A ce titre, la première question qui vient à l’esprit3 est : « est-il actuellement possible de maintenir des politiques budgétaires aussi accommodantes ? ». D’une part, l’épargne abondante au niveau mondial et le désendettement du secteur privé dans les pays de l’OCDE évitent de voir apparaître un effet d’éviction sur l’investissement privé. D’autre part, la monétisation des dettes publiques par les banques centrales (occidentales et émergentes) empêche une hausse des taux d’intérêt, rendant ainsi l’endettement public très peu couteux4.
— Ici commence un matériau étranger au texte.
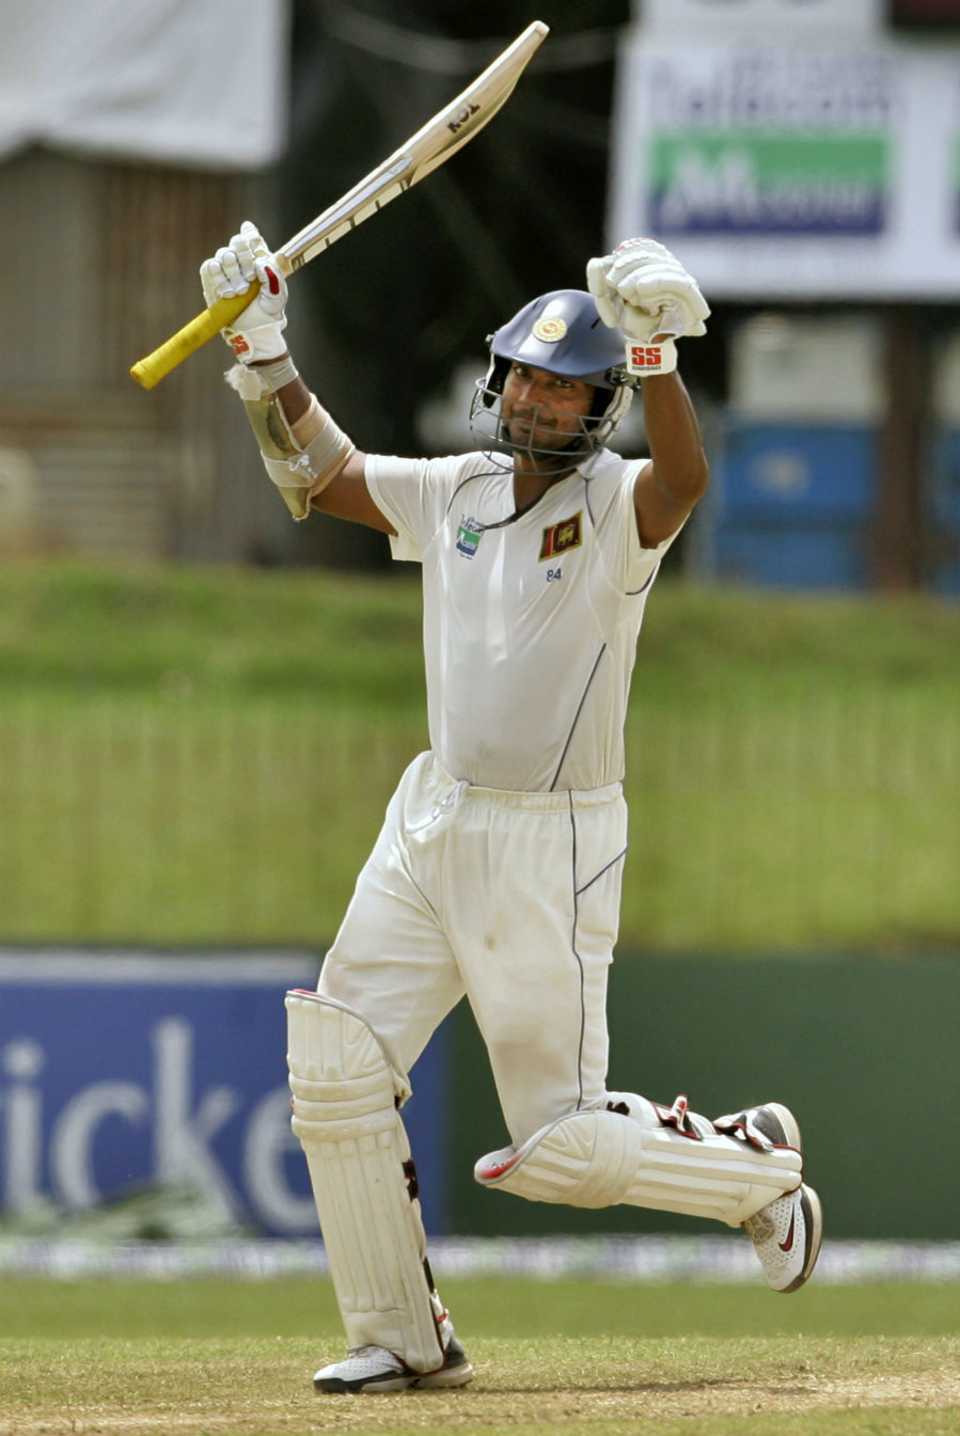 Kumar Sangakkara celebrates after getting to hundred, Sri Lanka v New Zealand, 2nd Test, SSC, 5th day, August 30, 2009

Enfin, la forte hausse des taux dans certains pays du Sud de l’Europe est due à une attaque spéculative, et pas à une réelle difficulté générale à financer les déficits. Bref, un maintien des politiques budgétaires à des niveaux très accommodants paraît aujourd’hui possible. Est-il pour autant souhaitable5 ? A court terme, il semble difficile de soutenir l’option inverse… En effet, comme on a pu l’observer lors de la phase de convergence vers l’Union monétaire, après la récession de 1992-1993, une baisse trop rapide des déficits publics, dans un contexte de désendettement du secteur privé et de maintien du taux d’épargne des ménages à des sommets, conduirait à un affaiblissement supplémentaire de la demande avec, pour conséquence, un chômage élevé et un excès d’épargne à l’intérieur de la zone euro. Bref, même si l’objectif de crédibilité budgétaire doit impérativement rester dans l’esprit des décideurs politiques (d’autant plus que la dette publique avant la crise était bien plus élevée qu’avant les crises précédentes), ces derniers doivent avoir conscience de l’impact qu’une politique trop ambitieuse en termes de réduction des déficits aurait sur l’activité…

NOTES

  1. Cf. Bourgeois A (2009), « Edito : quelques leçons de la crise de 1929… », Eco Hebdo n°28, Natixis.
  2. Cf. van den Noord P. (2010), « Exit strategy: is 1937/38 relevant? », ECFIN Economic Brief n°7, Commission européenne.
  3. Cf. Artus P. (2010), « Est-il vraiment impossible de maintenir les politiques expansionnistes plus longtemps ? », Flash n°64.
  4. Les taux 10 ans français atteignent 3,60 % en moyenne sur les quinze derniers mois, contre 5,85 % sur la période 1990-2007…
  5. Cf. Artus P. (2010), « Que se passera-t-il si les déficits publics sont effectivement réduits très rapidement ? », Flash n°66, Natixis.